▶ _What is needed_
Among the entries that follow, locate the line with "Cooking with flavor" and the line with "Butterworth Nick A Flying Visit". Output those lines and all lines in between, exactly, minus the pictures.

▶ _Information supplied_
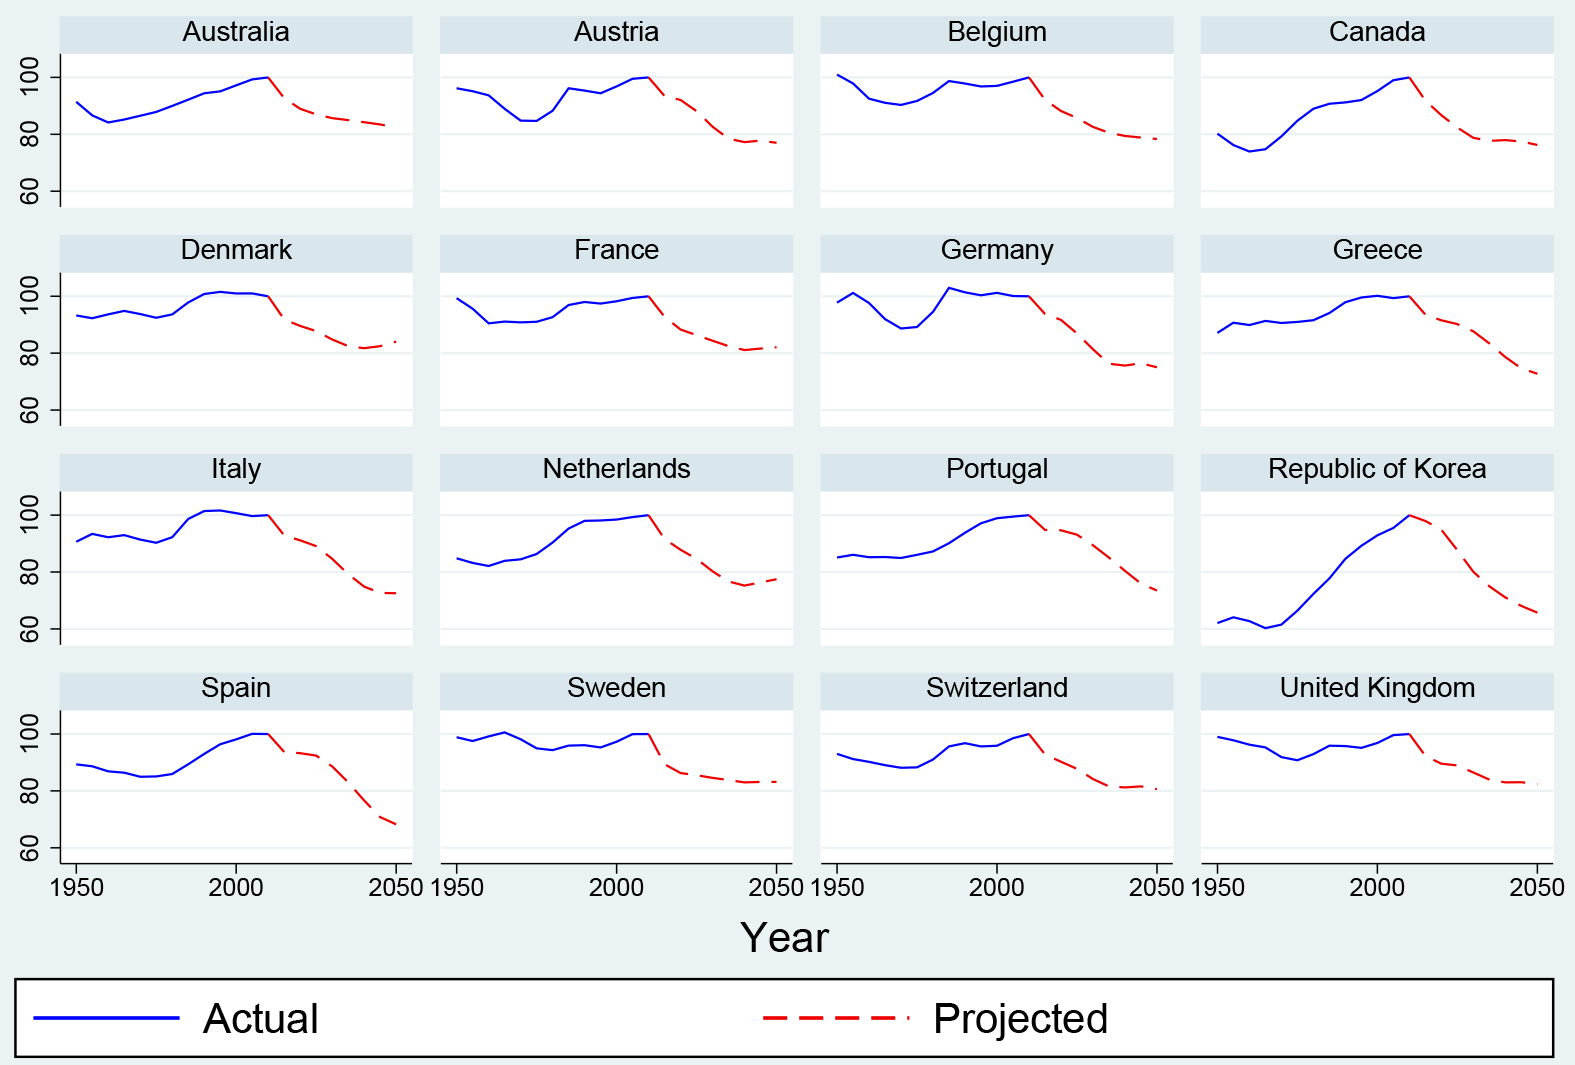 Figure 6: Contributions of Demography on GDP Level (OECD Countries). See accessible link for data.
---
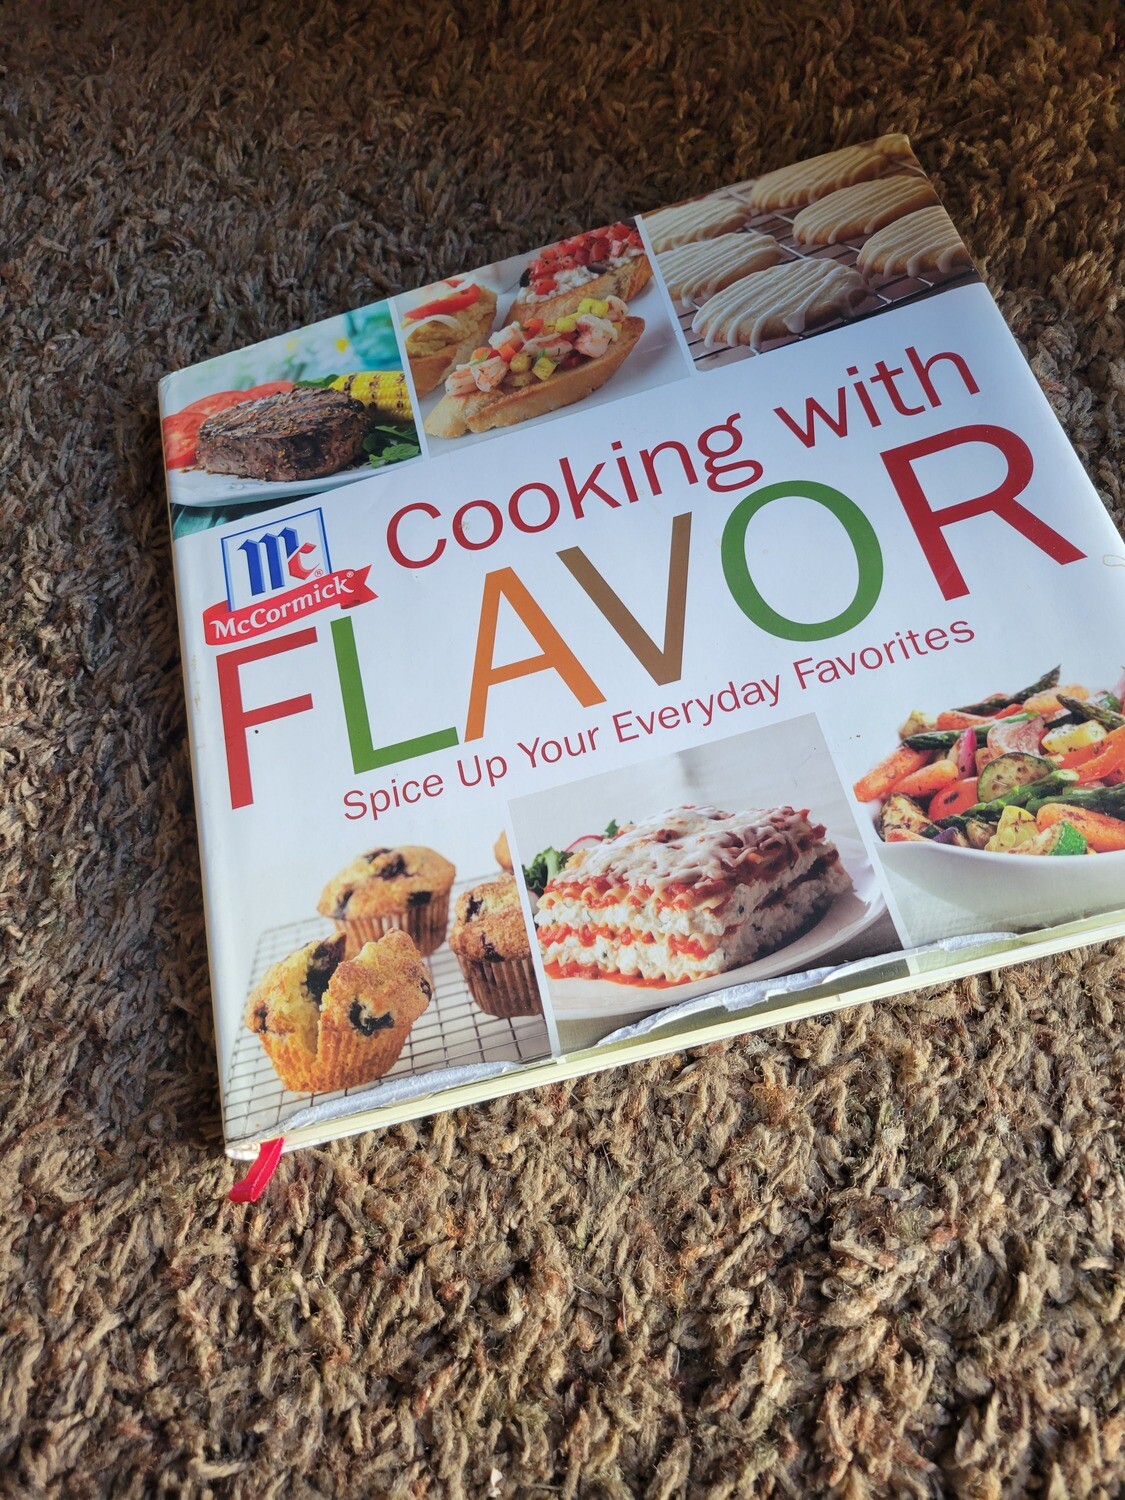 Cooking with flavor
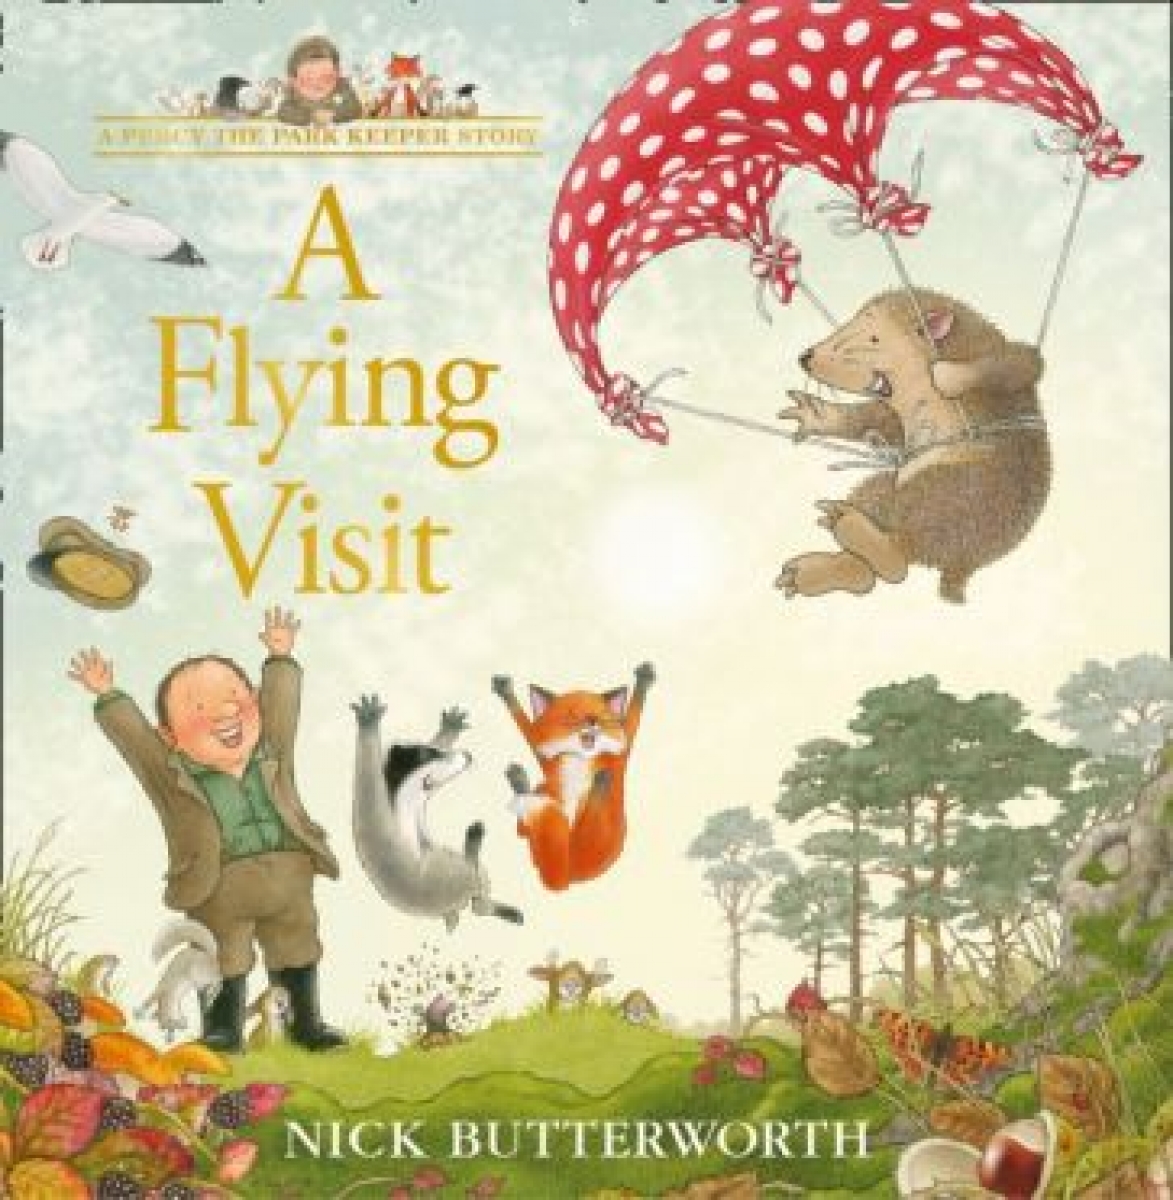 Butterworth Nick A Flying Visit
---
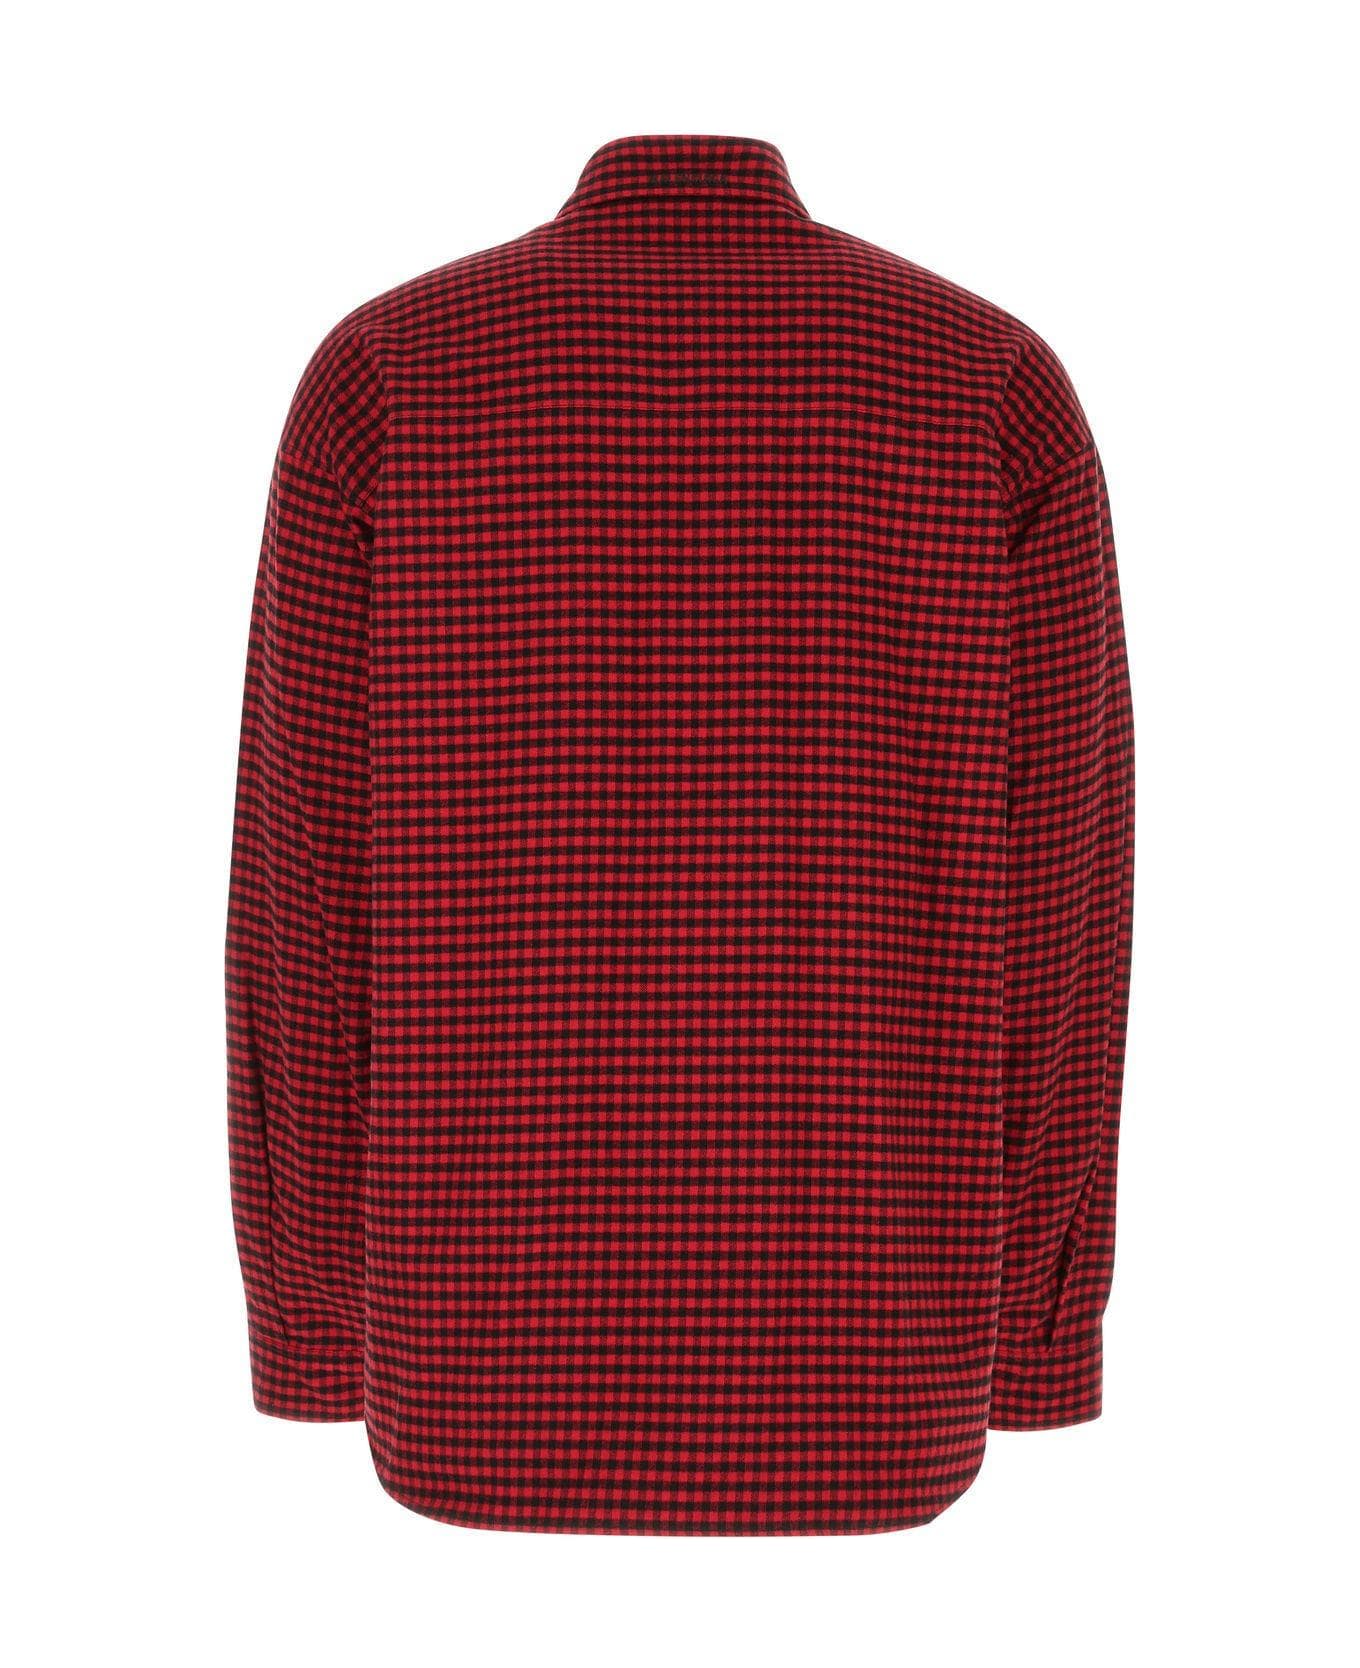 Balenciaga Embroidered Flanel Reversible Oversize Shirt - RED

▶ _Output for this exercise_
 Cooking with flavor
 Butterworth Nick A Flying Visit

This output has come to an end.